5. Trump sacrificed the integrity of the US intelligence community to justify getting into and then out of the war.
The “12-Day War” began with Trump forcing his director of national intelligence (DNI), Tulsi Gabbard, to recant her assessment earlier this year that Iran was not building a nuclear weapon, and ended with the Trump administration disputing a leaked preliminary Defense Intelligence Agency assessment that US strikes had only set back Iran’s nuclear program by a few months. Gabbard and CIA director John Ratcliffe (who lost his nomination for DNI in Trump’s first term over concerns he would politicize intelligence) quickly backed Trump’s claim that Iran’s nuclear facilities had been “obliterated,” and Secretary of Defense Pete Hegseth gave an emotional press conference. While I obviously object to some of the missions performed by the DIA – that’s why I resigned – undermining the credibility of U.S. intelligence assessments only gives Trump more license to invent his own facts.

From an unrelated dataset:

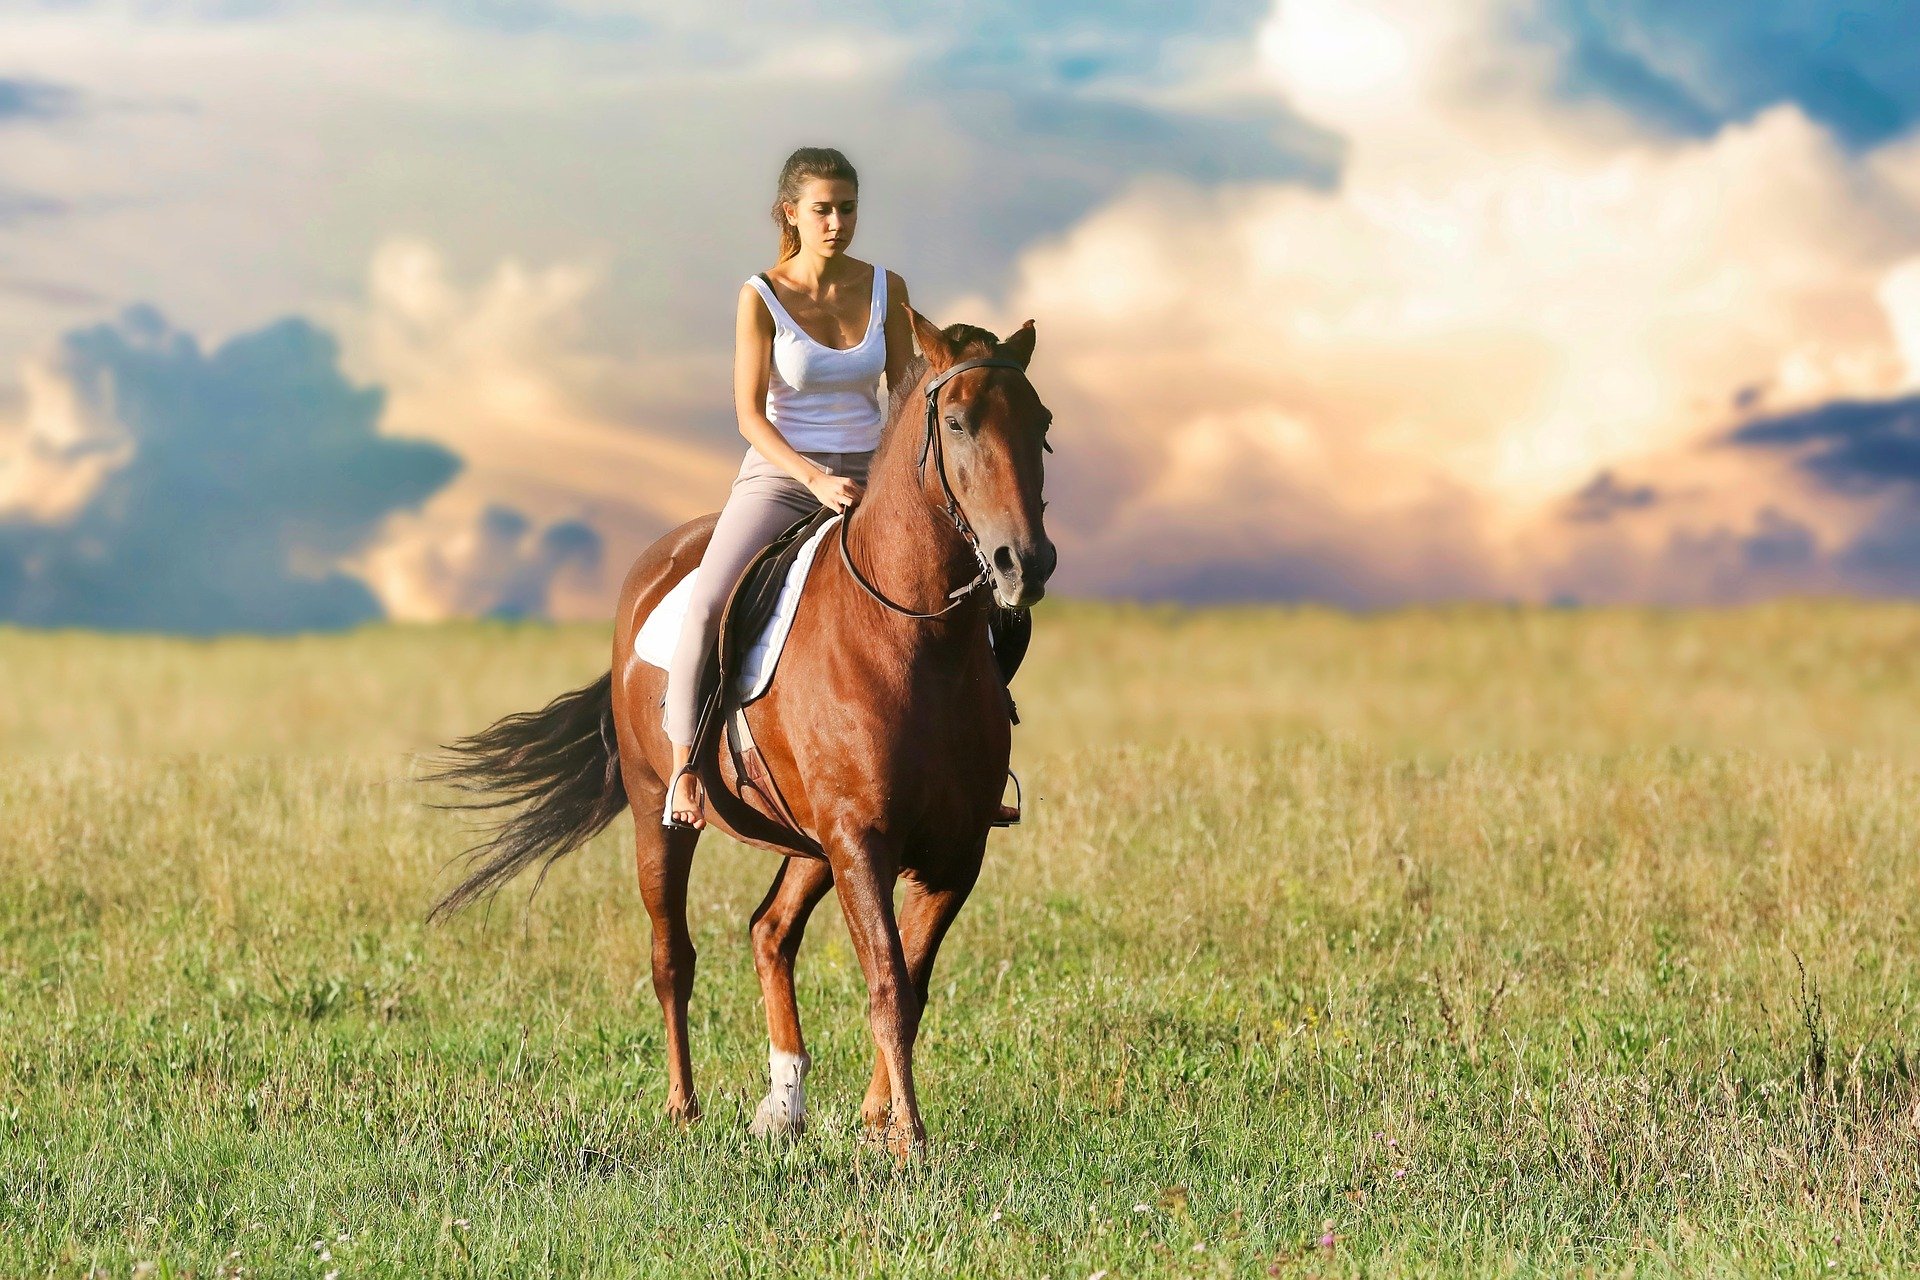 Im Bild - Eine Frau reitet auf einem Pferd im Feld | Quelle: Pixabay

6. Trump used the war to undermine democracy in the US and Israel
With the war as a pretense, the Trump administration launched a new wave of racist ICE roundups, this time against Iranian asylum-seekers and other Iranian immigrants. And while Israel is hardly “the only democracy in the Middle East” (a tagline that ignores Israel’s brutal apartheid rule over Palestinians and its northern neighbor Lebanon, which is a democracy, if a deeply dysfunctional one) Democratic rule for even its Jewish citizens took another blow when Trump implied in a Truth Social post he would cut military aid to Israel if prosecutors didn’t abandon Netanyahu’s long-running corruption case. The threat apparently worked, with the Jerusalem district court agreeing on Sunday to postpone Netanyahu’s upcoming court appearance. While Netanyahu has regularly used Israel’s security situation as an excuse avoid court – his corruption trial has been a key motivation for starting or prolonging Israel’s post-October 7 wars – this is the first time he’s gotten Trump to threaten his own country on his behalf.

Harrison Mann is a former US Army major and executive officer of the Defense Intelligence Agency’s Middle East/Africa Regional Center who resigned in protest of his office’s support for Israel’s war in Gaza under the Biden administration. He is currently with Win Without War.